=== Goal of the exercise ===
Only the lines from the start of the data to the line containing "2. F&B SUPERVISOR", both included, should be output, exactly and without pictures.

=== Dataset excerpt ===
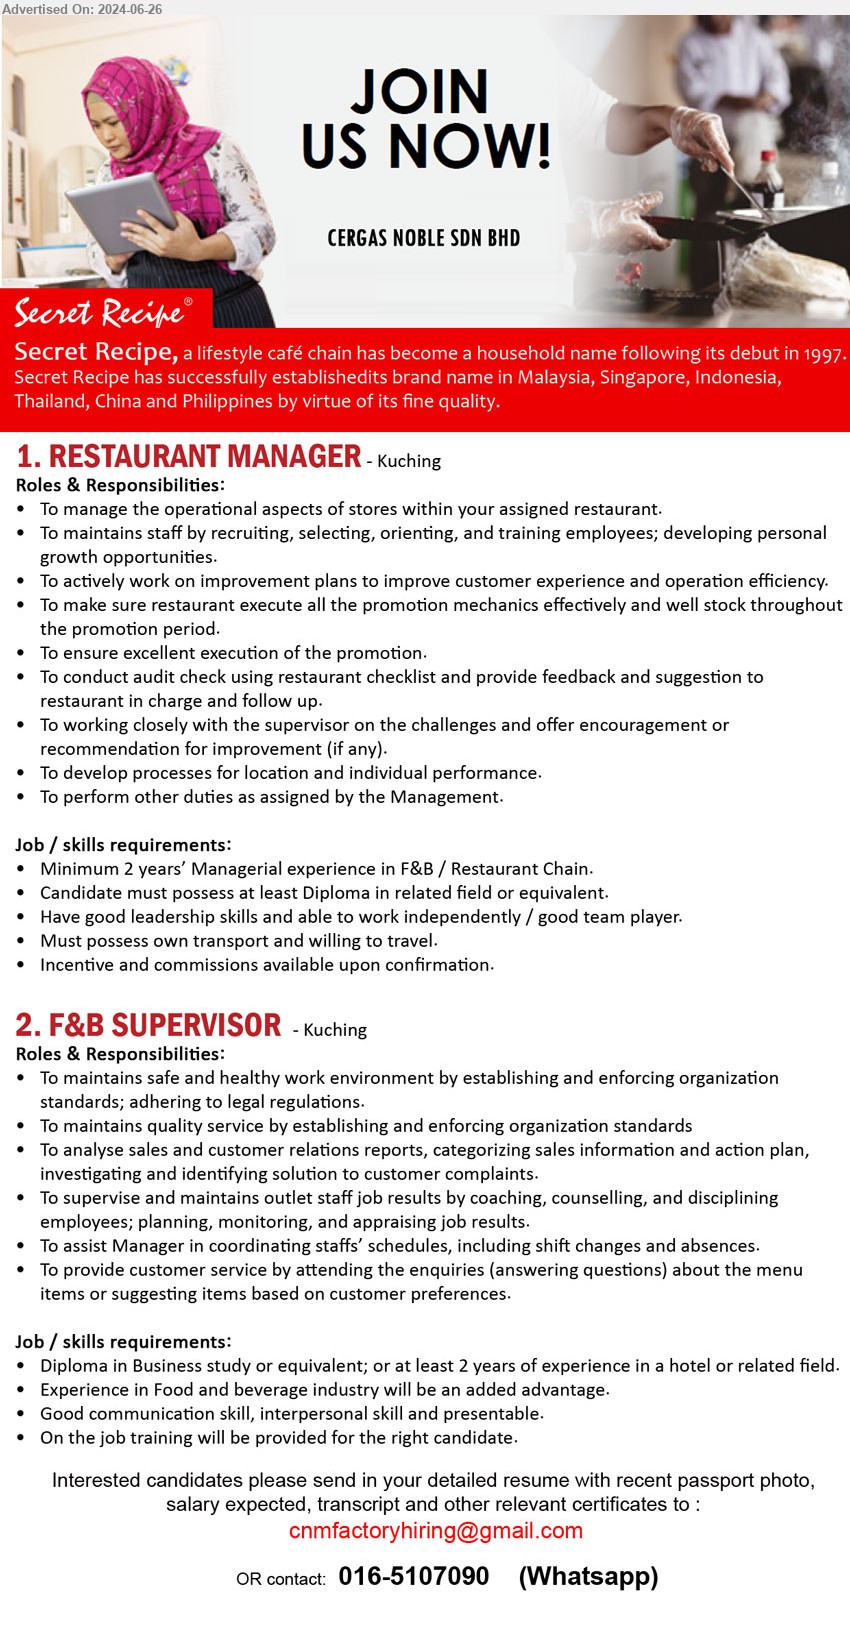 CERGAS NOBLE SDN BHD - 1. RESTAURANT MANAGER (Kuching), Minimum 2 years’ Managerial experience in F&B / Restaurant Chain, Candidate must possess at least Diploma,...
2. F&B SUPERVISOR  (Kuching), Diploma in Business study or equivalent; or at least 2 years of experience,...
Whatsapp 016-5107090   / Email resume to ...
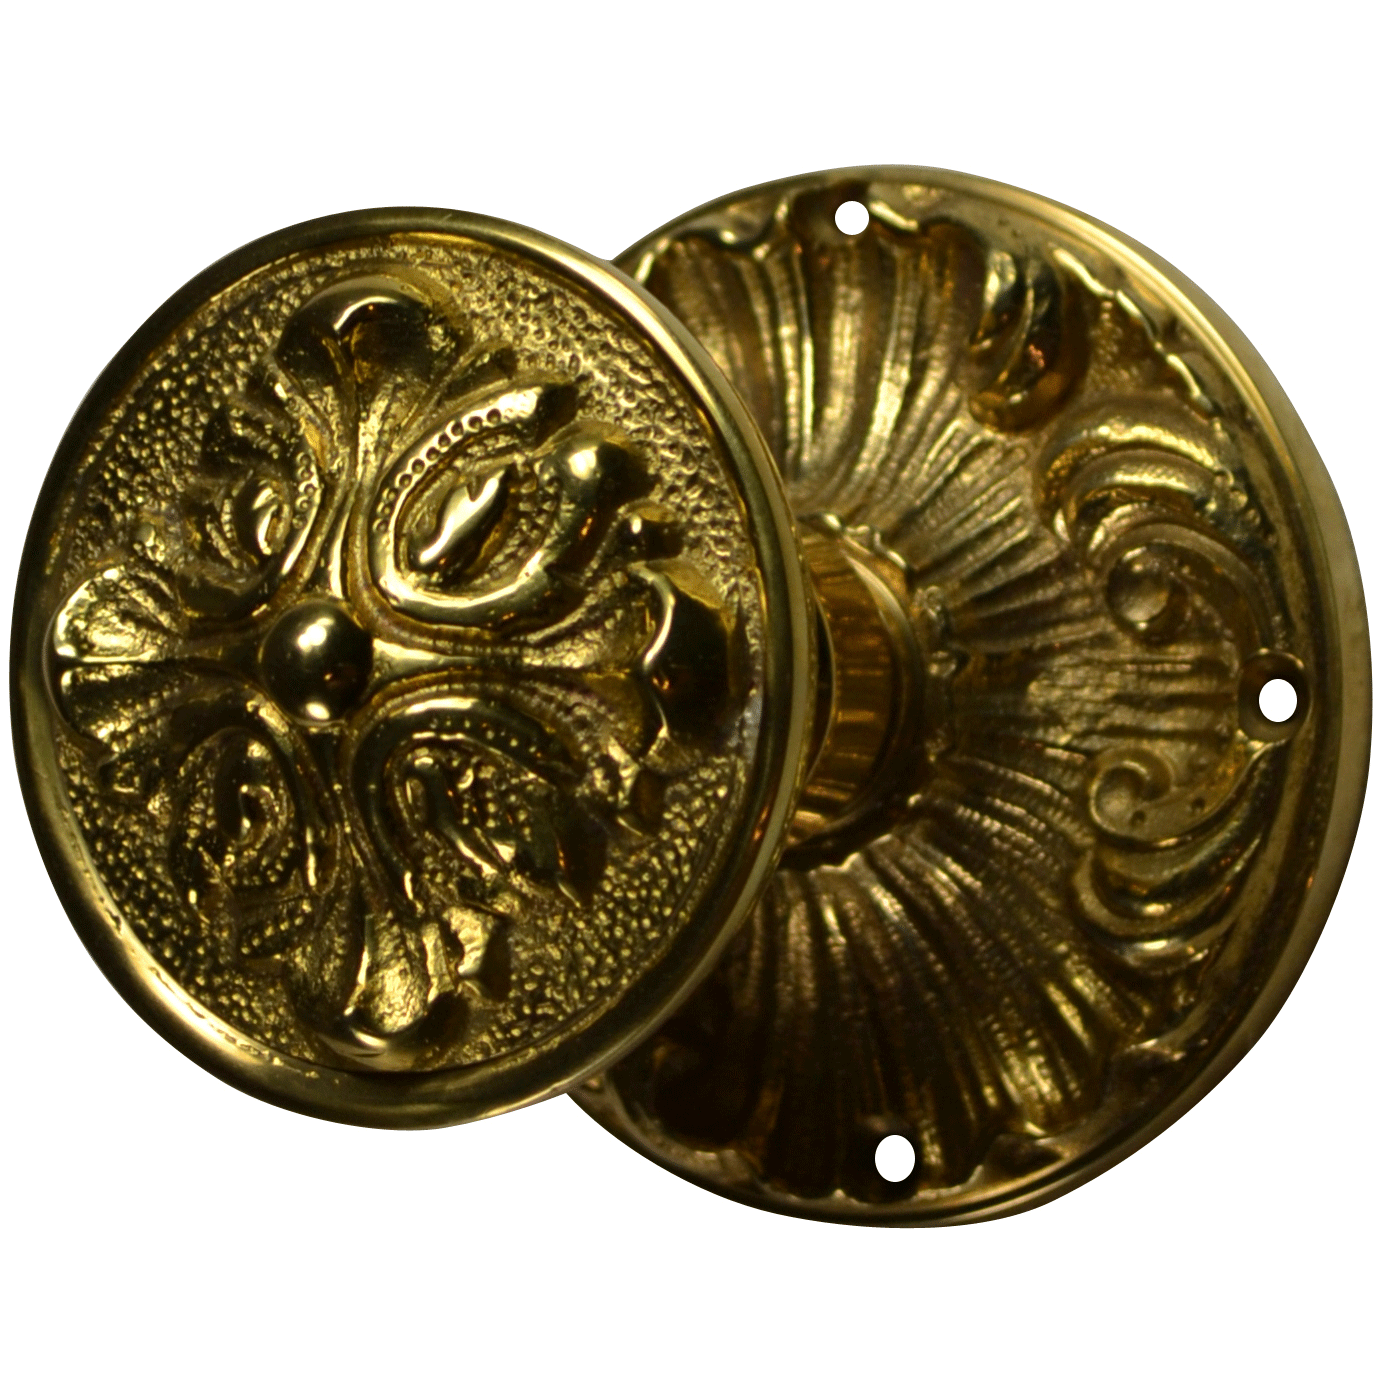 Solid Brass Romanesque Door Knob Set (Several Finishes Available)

=== Written response ===
 CERGAS NOBLE SDN BHD - 1. RESTAURANT MANAGER (Kuching), Minimum 2 years’ Managerial experience in F&B / Restaurant Chain, Candidate must possess at least Diploma,...
2. F&B SUPERVISOR  (Kuching), Diploma in Business study or equivalent; or at least 2 years of experience,...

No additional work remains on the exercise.